Ingo went on to describe how the BKL works, how it differs from other locking mechanisms, and why this complicates removing it permanently from the kernel. He noted that the various dependencies of the lock are lost in the haze of 15 years of code changes, "all this has built up to a kind of Fear, Uncertainty and Doubt about the BKL: nobody really knows it, nobody really dares to touch it and code can break silently and subtly if BKL locking is wrong." He then suggested "changing the rules of the game", creating a "kill-the-BKL" branch which "turns the BKL into an ordinary albeit somewhat big mutex, with a quirky lock/unlock interface called 'lock_kernel()' and 'unlock_kernel()'."
Ingo noted that the new tree already uncovered a serious regression in the kernel, and continued:
"Once this tree stabilizes, elimination of the BKL can be done the usual and well-known way of eliminating big locks: by pushing it down into subsystems and replacing it with subsystem locks, and splitting those locks and eliminating them. We've done this countless times in the past and there are lots of capable developers who can attack such problems."
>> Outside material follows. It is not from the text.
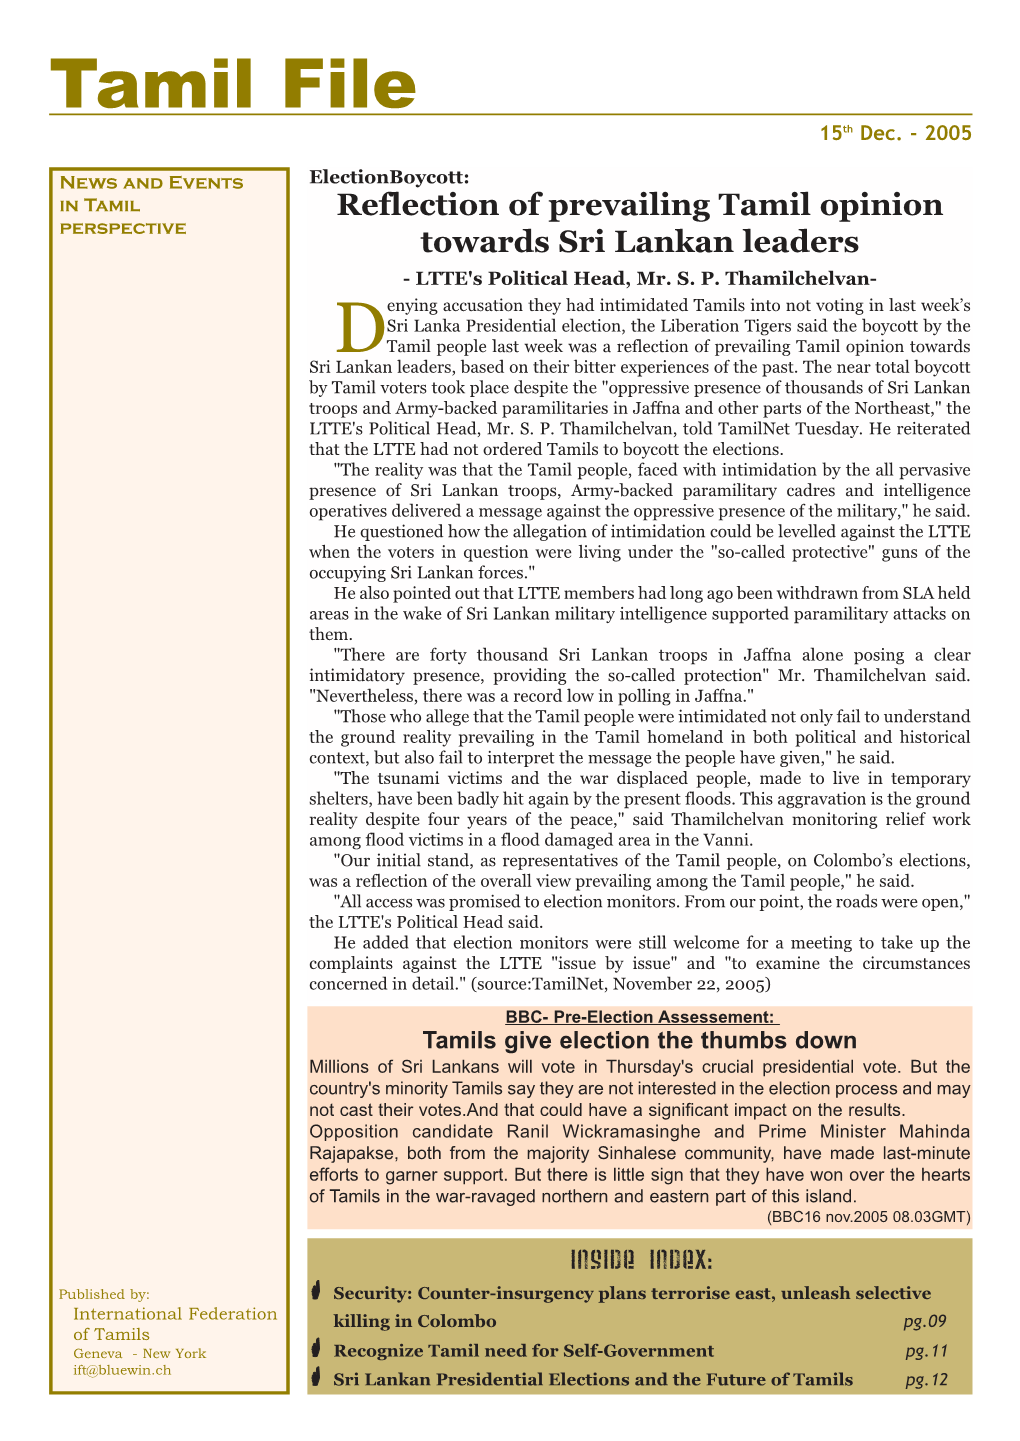 Ift@Bluewin.Ch + Sri Lankan Presidential Elections and the Future of Tamils Pg.12 - Dateline: 15Th Dec

Linus responded favorably, "ok, so I'm obviously happy. This is exactly the kind of thing I would want to see." He went on to suggest improvements to the new "kill-the-BKL" branch to make it easier to pull in obvious fixes, allowing the changes to get additional testing in the mainline kernel.
There was much more discussion about these planned changes, some of which is included below.
From: Ingo Molnar
Subject: [announce] "kill the Big Kernel Lock (BKL)" tree
Date: Wednesday, May 14, 2008 - 12:49 pm
As some of the latency junkies on lkml already know it, commit 8e3e076
("BKL: revert back to the old spinlock implementation") in v2.6.26-rc2
removed the preemptible BKL feature and made the Big Kernel Lock a
spinlock and thus turned it into non-preemptible code again. This commit
returned the BKL code to the 2.6.7 state of affairs in essence.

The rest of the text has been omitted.